WhySharksMatter is claiming in this ethical debate that North Atlantic Right Whales, one of the most endangered animals on Earth, are going to go extinct whether or not we help them, and therefore we should stop wasting so much of the environmental movement's limited resources on protecting them.
"For the sake of this debate, I will concede the following points (i.e. there is no need to debate them any further).
* Right whales are a unique and interesting animal. They, like us, are mammals.
* Without our protection, they will certainly go extinct
* It is undeniably, 100% our fault that they are so endangered in the first place"
From the Upcoming ueue, submitted by whysharksmatter.
Yes, we should.
sm.
I think we should save them if we can, because they are a unique and incredible animal. Isn't that enough reason?
Taken from Wikipedia:
400 to 450 North Atlantic Right Whales live in the North Atlantic;
50-100 North Pacific Right Whales live in the eastern North Pacific and perhaps 200-300 more in the Sea of Okhotsk;
12,000 Southern Right Whales are spread throughout the southern part of the Southern Hemisphere;
9,000–10,000 Bowhead Whales (Aka Greenland Right Whale) are distributed entirely in the Arctic Ocean and sub-polar seas.
There will still be Right whales out there, if the North Atlantic Right Whales disapear. Save their genetic information as best we can, and salute them goodbye, IMO.

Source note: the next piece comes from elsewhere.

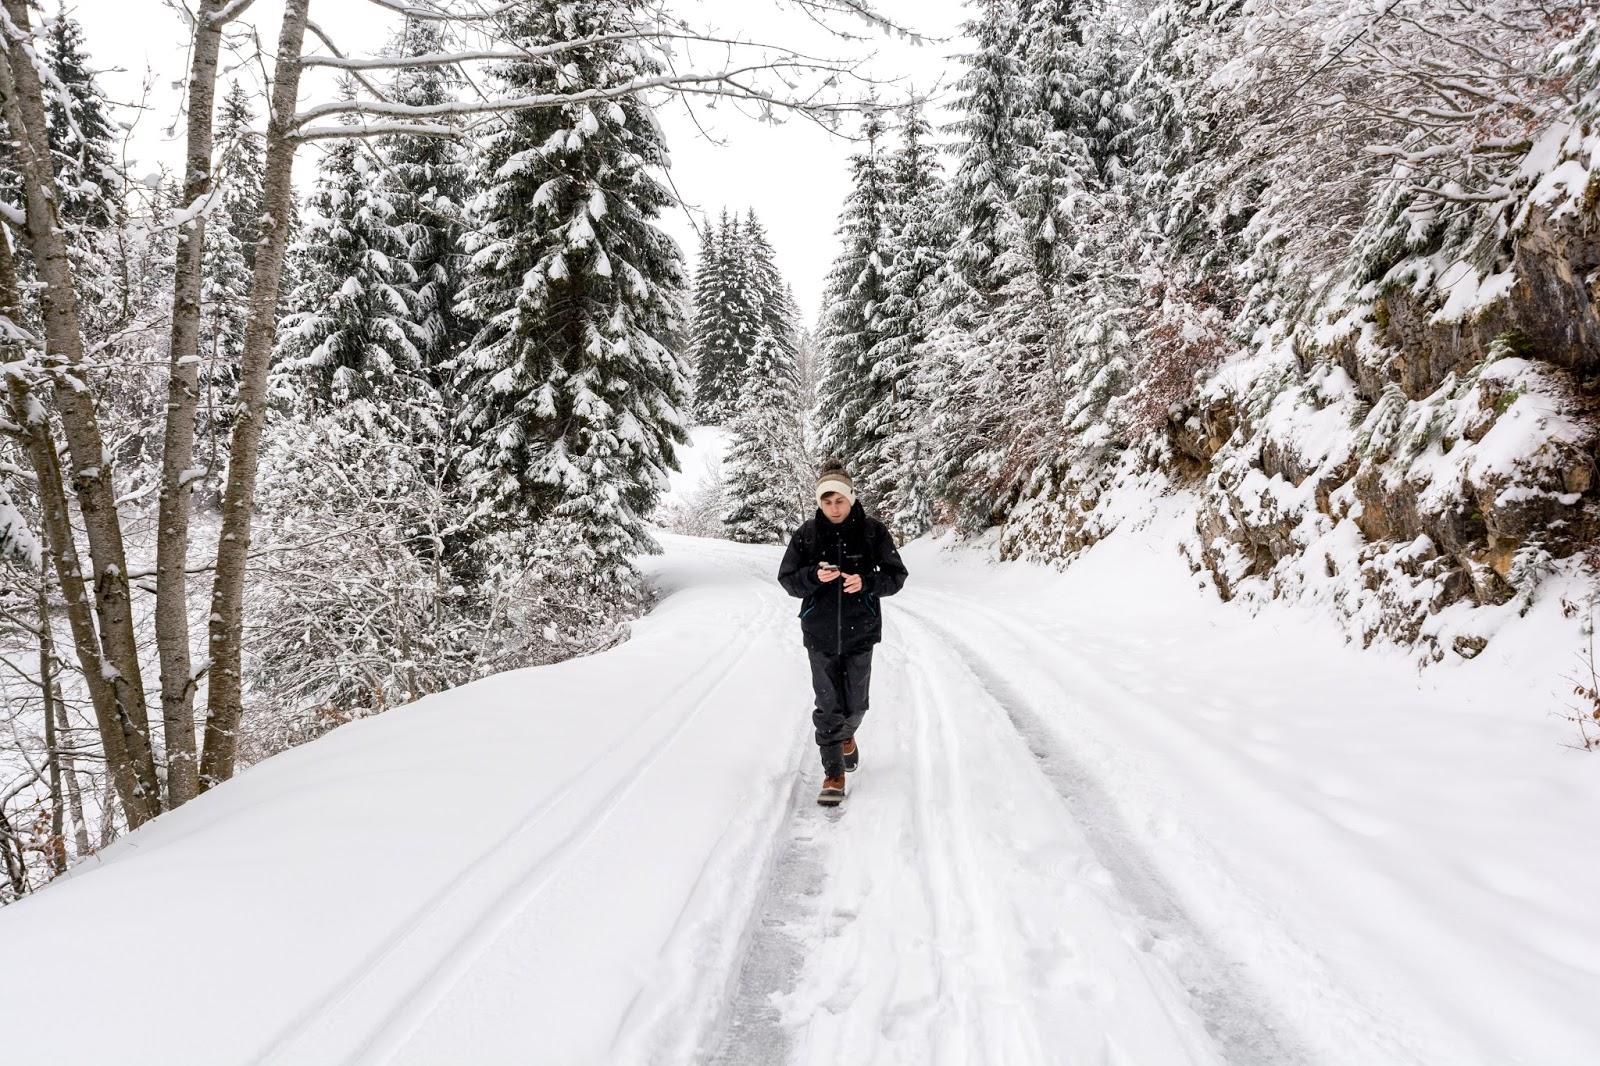 paysage, parc, Jura, hiver, rando, raquettes, neige, crêt, chalam

If a species is going extinct naturally, then we should let it die out – as attempting to stave off extinction of such a thing is as damaging to the natural order of things as killing off a species that is not dying out naturally.
Adaption tends to take little time as it is a change in populations actions. ( that is: Colonialist adapted to the new england climate in a generation, by changing their actions)
Evolution takes generations and depends on the speed at which a species generates new generations. So ecoli will evolve faster than a Right Whale.
@drake123
I don't think it's possible to say how we would have turned out if we imposed current policies and ideals on our past selves. One could argue if we had the feelings toward the whale as we do now we wouldn't have had appropriate lubrication for motors that drove the industrial revolution. But one could also argue that human are highly inventive and they would have developed other lubrication.
Conservation is the ultimate conservatism.